After decades of plentiful supply, America is now finally waking up to the fact that the oil is running out. Prices have soared as quickly as the dollar has devalued, and most of the country's oil is now imported from Canada and the Middle East. Federal and state laws are supposed to govern price, taxation and distribution, but these are easily side-stepped by the black marketeers who are quick to fill in when legal supplies are disrupted. The US Army's prime domestic function is now to guard the precious oil supply routes, but somehow the mobs or terrorists manage to disrupt them month after month. There's an eager market for illegal fuel, no matter what the price.
Alternatives to standard diesel and gasoline are more readily available in some areas, especially the north, and it is not unusual to see vehicles powered by methane, propane or wood alcohol. Cynics are even predicting the return of steam powered vehicles in rural areas. There are an awful lot of cynics in America right now.
In agency offices across the nation you will find a small framed portrait of Senator Terence J Enderby. Some will even be decorated with flowers. The Enderby Amendment, as the Constitutional Act has become known, finally privatised the task of law enforcement throughout the United States. Immediately, the sloppy and corrupt state-employed police force had to clean up its act to compete with cost-cutting private organisations. Neighbourhoods were given the right to put their legal protection out for tender to whoever they felt provided the most efficient and economic service. Of course, in poorer areas legitimate operations tended towards the far-too-expensive, especially on a permanent 24-hour basis, so unlicensed security firms began worming their way in. In other areas the police simply pulled out for good.
There thus developed a market for a mid-price, freelance service hireable for a specific contract without involving the full weight of a corporation operation. These licensed operators are known as Sanctioned Operatives, or Ops, and most work from small agencies dotted around all the major cities of the US. Others attempt to make it as independent operators, but without the back-up that even a modest agency can provide, most don't stay independent for long.
Over the last decade the Ops have developed quite a reputation, typically through having to handle all the dirty jobs that the corporations won't touch. Maybe there's an important convoy which has to run through outlaw country without being hassled by the local kill-crazy biker gang. Maybe someone's decided to start smuggling illicit computer chips over the county line again. Maybe some meathead is being such a pain in some corporation's backside that he's got to disappear for good. Maybe a one-horse town somewhere has finally decided to stop paying protection to the fuel-injected psychos who always appear on the last Friday of the month. Anything the corporate outfits won't touch for fear of messing up their neat monogrammed company jumpsuits.
The most frequent assignment for an Op is simply taking out one of the many renegade highway gangs that now litter every desolate bit of road between the Big Apple and the Big Orange. Many agencies have become extremely specialised, developing heavily-armed and armoured killing machines for pursuit and hunter-killer operations. However, in keeping with their hard-drinking Philip Marlowe media image, Ops are also being increasingly hired for more detective-style assignments, even corporate espionage. One further recent trend has been the hiring of Ops by local policing franchise owners to handle extreme situations in their neighbourhood. This has led to some alarming (violently fatal) confrontations with various hardcore criminal mobs. The agencies take the line that they go where the work is; the Ops would generally like to be a little more choosy.

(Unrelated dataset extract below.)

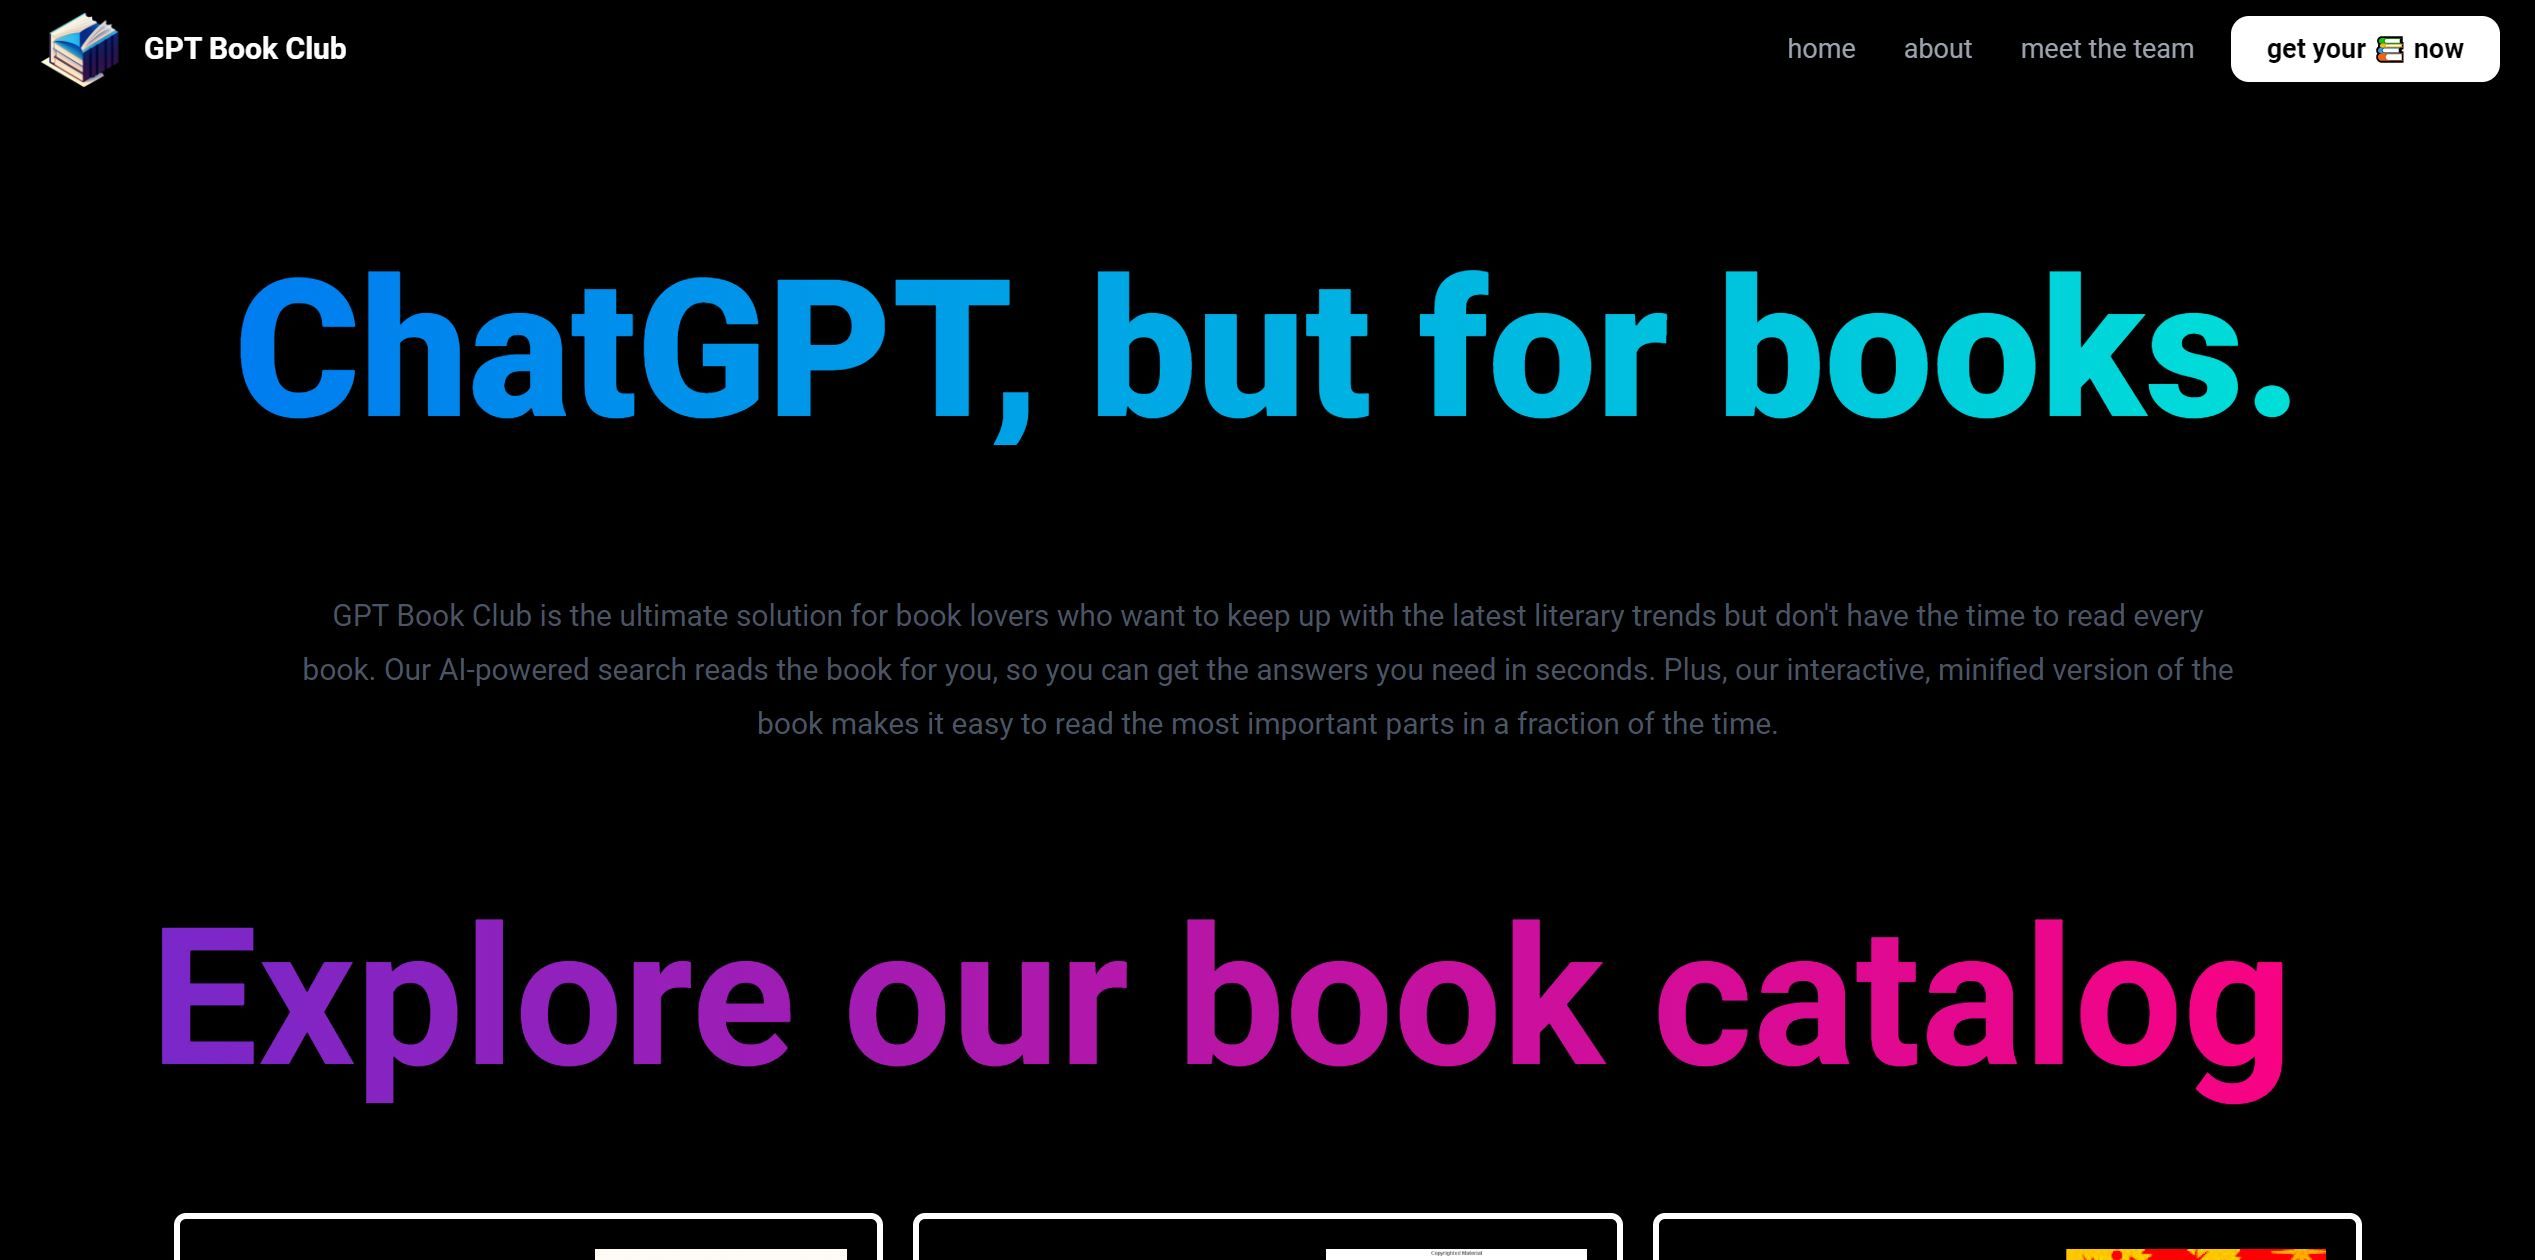 GPT Book Club
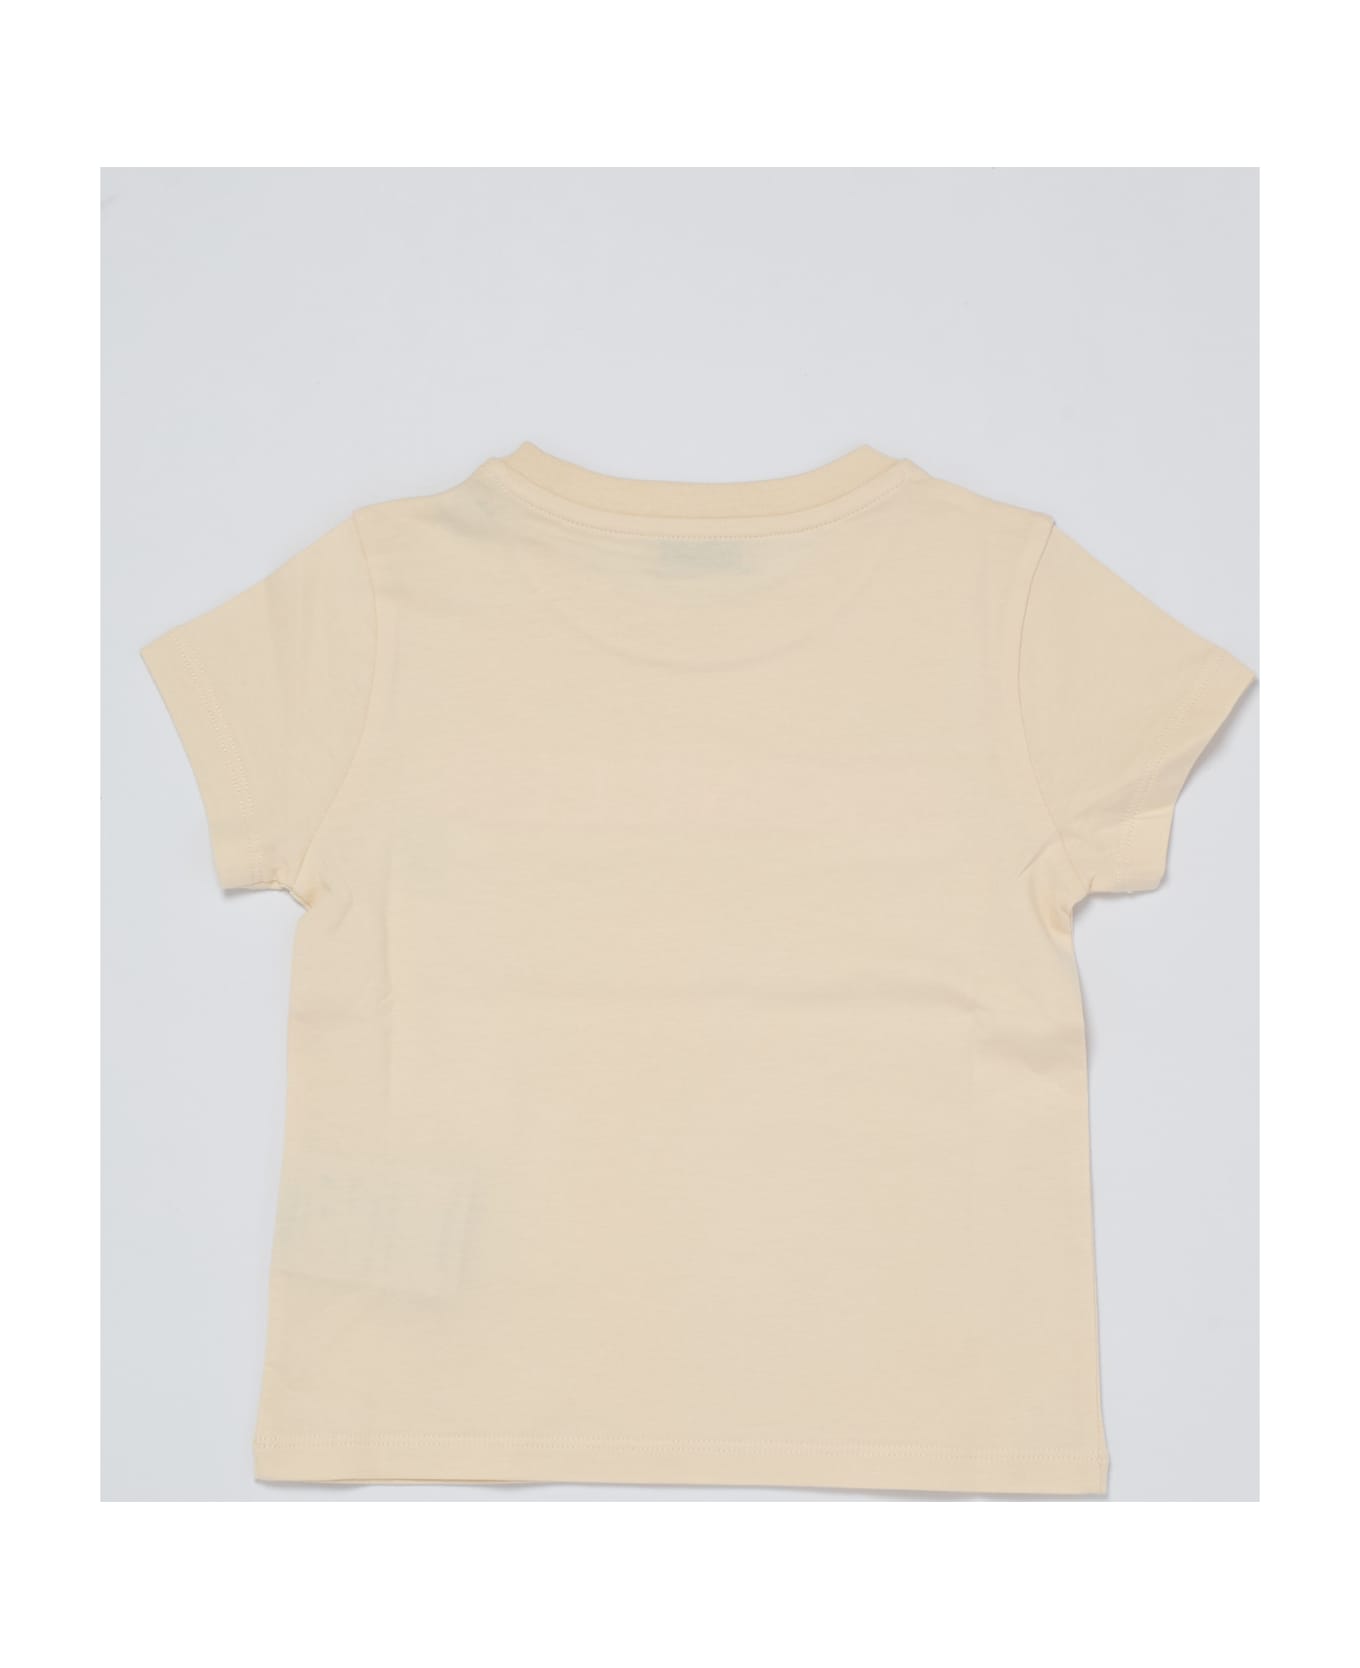 Moncler T-shirt T-shirt - BURRO

After the deregulation of 1985, many Ops started off as independents working out of small city-zone offices with little more than a desk and an ansaphone. The early days, as any surviving hand will tell you, were tough, one huge confusing mess of crossed-wire contracts and half-cocked botch-ups. The wrong people got terminated, the wrong people got away, and the Ops were right in the middle, messing it all up through a twin lack of preparation and support. There still are some loners out there trying to make a go of things the best way they can, but most Ops are now much more professionally organised. Op agencies are run just like any other business, with trained staff handling everything that is required to keep an Op out on the road doing his or her job.
The obvious thing to do when invalided out of service by injury or a sudden coming to one's senses, is to retire and run an Op agency sending younger agents out on the missions you can't handle anymore. The Hammond Maninski Agency based in Pittsburgh, Pa, for example, is named after its founder and owner. Maninski retired in '91 after receiving a debilitating lung wound while breaking a cross-border smuggling operation south of Cleveland, and immediately founded his agency. It now handles 90% of the Op business coming out of the fortress city, co-ordinating the activities of a dozen field operatives.
Typical Agency Structure
The Owner(s): An Op's professional career is about as long as that of a major-league football player – far too short, in other words. In the early days, statistics indicated that the average combat life of a rookie Op was only 23 minutes. Now, it's more like 23 days, although those that survive long enough to qualify as experienced can count on a couple of years of high-risk, high-income missions before the job's physical wear and tear catches up with them. The number of Ops still on active duty after 2 years are a tiny minority, living legends almost surviving through a combination of good luck, and unbelievable reflexes. And when you've been going that long, chances are you'll be too hooked on your own adrenalin to quit anyway.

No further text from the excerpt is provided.